DC’s and VM’s – Avoiding the Do-Over

DC’s and VM’s – Avoiding the Do-Over

  • Comments 23
  • Likes

Hello everyone, Mark from DS again. With more and more companies using virtualization, such as Microsoft Virtual Server, Server 2008 Hyper-V or VMWare, in their environments these days you may end up in the following situation I recently worked on:

1) Customer wanted to roll back one of his DC’s in his test environment to basically “back out” of some changes that had been made recently. This was a single domain forest that consisted on two Domain Controllers. Both of the DC’s were running Windows 2003 SP2.

2) Virtual Machine snapshots were being taken instead of normal system state backups.
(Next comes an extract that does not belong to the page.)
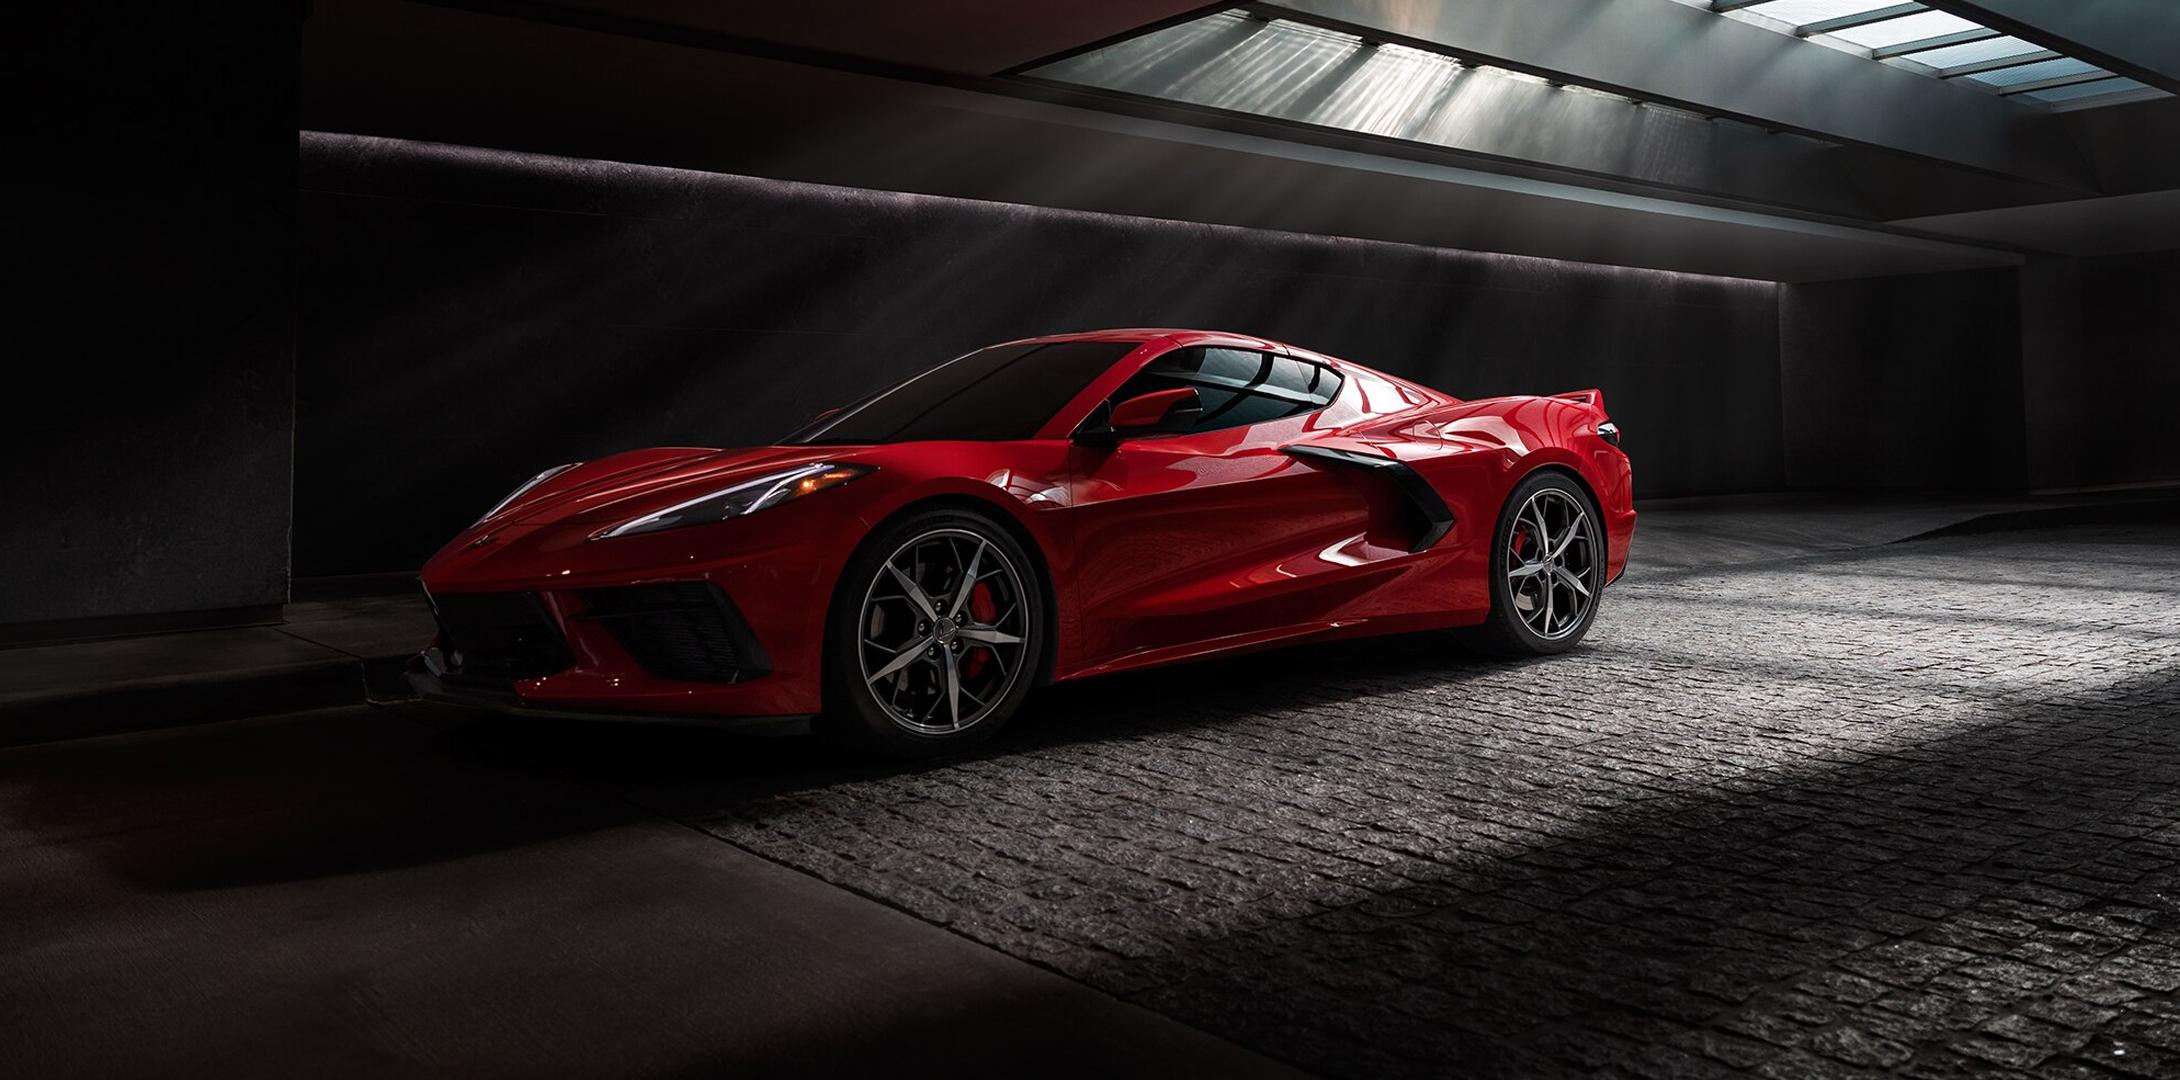 2020 Corvette Final Model Year Stats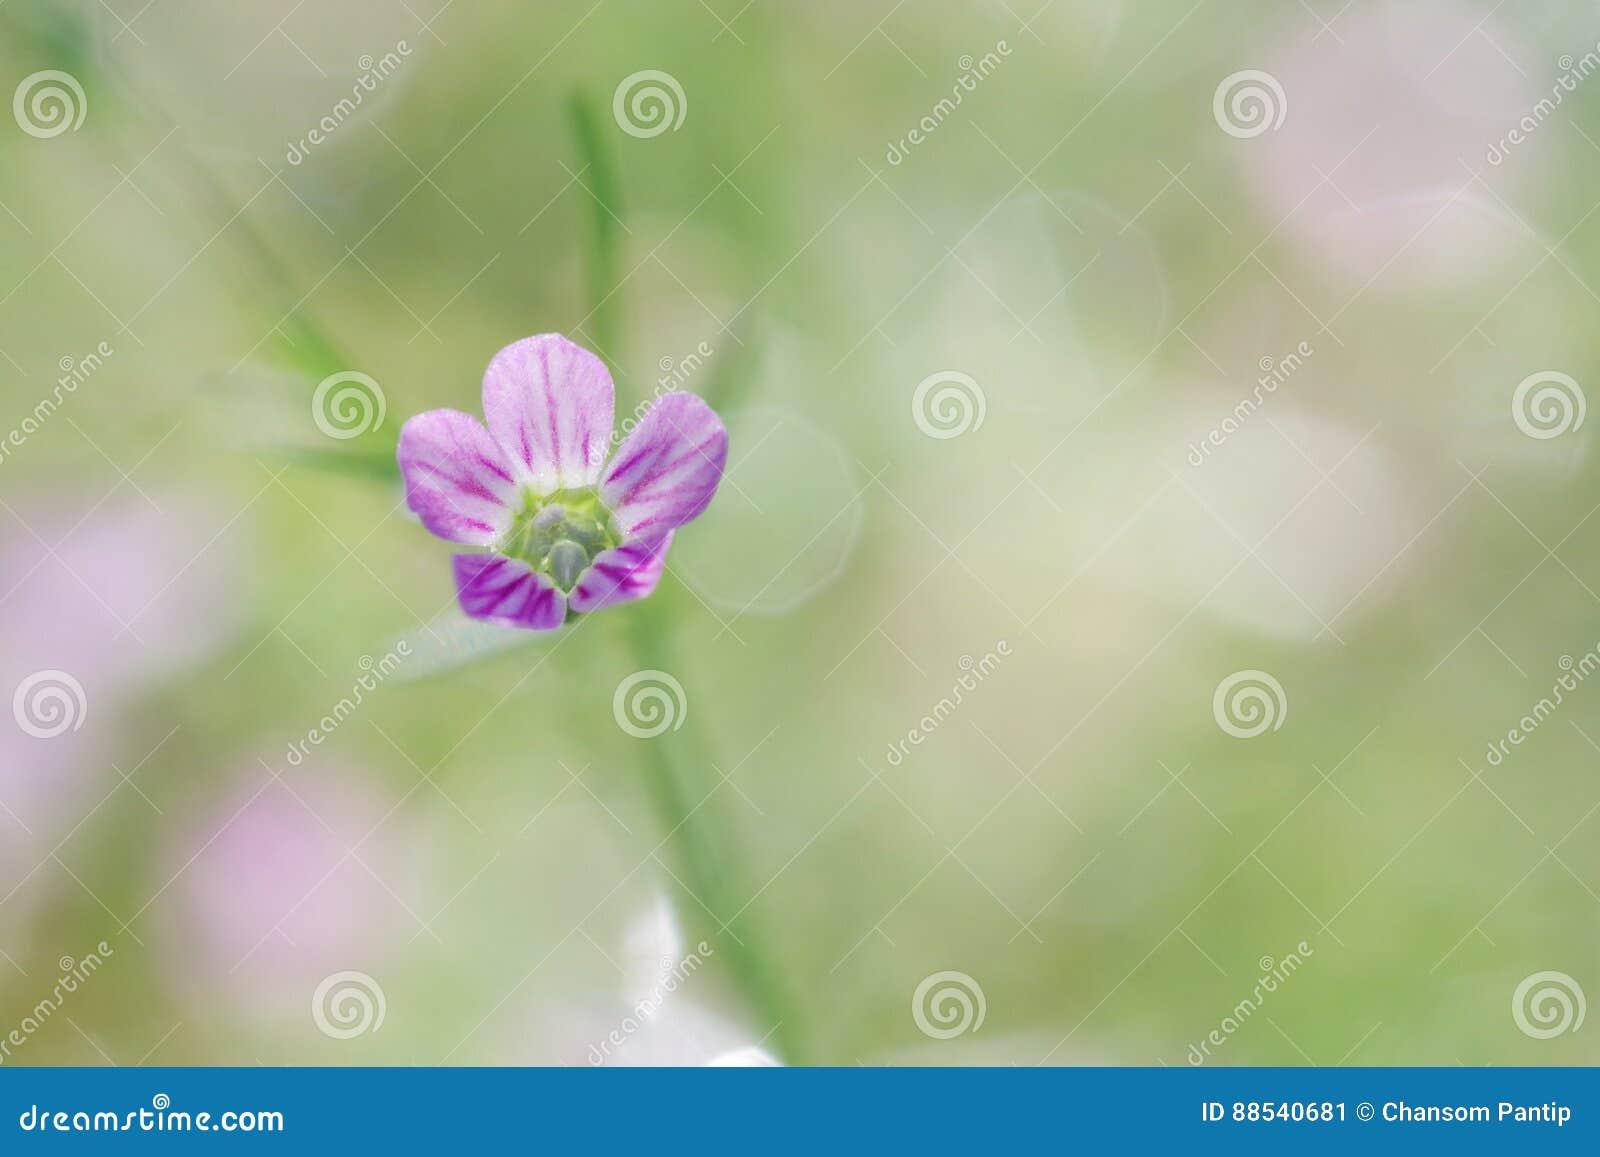 Gypsophila spring flower bloom, macro shot on sweet soft green-pink background with bokeh.

3) They restored one of the DC’s from one of the snapshots.

4) Replication was broken.

Replication symptoms consisted of the following:

1) The Netlogon service is in a paused state.

2) In the Directory Service event log a replication error was logged, Source was NTDS Replication with the Event ID 2095.

3) Also in the Directory Service event logs were two warnings, Source was NTDS General with the event ID’s 1113 and 1115.

Here are samples of the Directory Service event log events with the description of the event.

Event Type: Error
Event Source: NTDS Replication
Event Category: Replication
Event ID: 2095
Date:
Time:
User:
Computer:
Description: During an Active Directory replication request, the local domain controller (DC) identified a remote DC which has received replication data from the local DC using already-acknowledged USN tracking numbers. Because the remote DC believes it is has a more up-to-date Active Directory database than the local DC, the remote DC will not apply future changes to its copy of the Active Directory database or replicate them to its direct and transitive replication partners that originate from this local DC. If not resolved immediately, this scenario will result in inconsistencies in the Active Directory databases of this source DC and one or more direct and transitive replication partners. Specifically the consistency of users, computers and trust relationships, their passwords, security groups, security group memberships and other Active Directory configuration data may vary, affecting the ability to log on, find objects of interest and perform other critical operations. To determine if this misconfiguration exists, query this event ID using
http://support.microsoft.com or contact your Microsoft product support. The most probable cause of this situation is the improper restore of Active Directory on the local domain controller. User Actions: If this situation occurred because of an improper or unintended restore, forcibly demote the DC.

Event Type: Warning
Event Source: NTDS General
Event Category: Replication
Event ID: 1113
Date:
Time:
User:
Computer:
Description: Inbound replication has been disabled by the user.
Event Type: Warning
Event Source: NTDS General
Event Category: Replication
Event ID: 1115
Date:
Time: 
User: 
Computer: 
Description: Outbound replication has been disabled by the user.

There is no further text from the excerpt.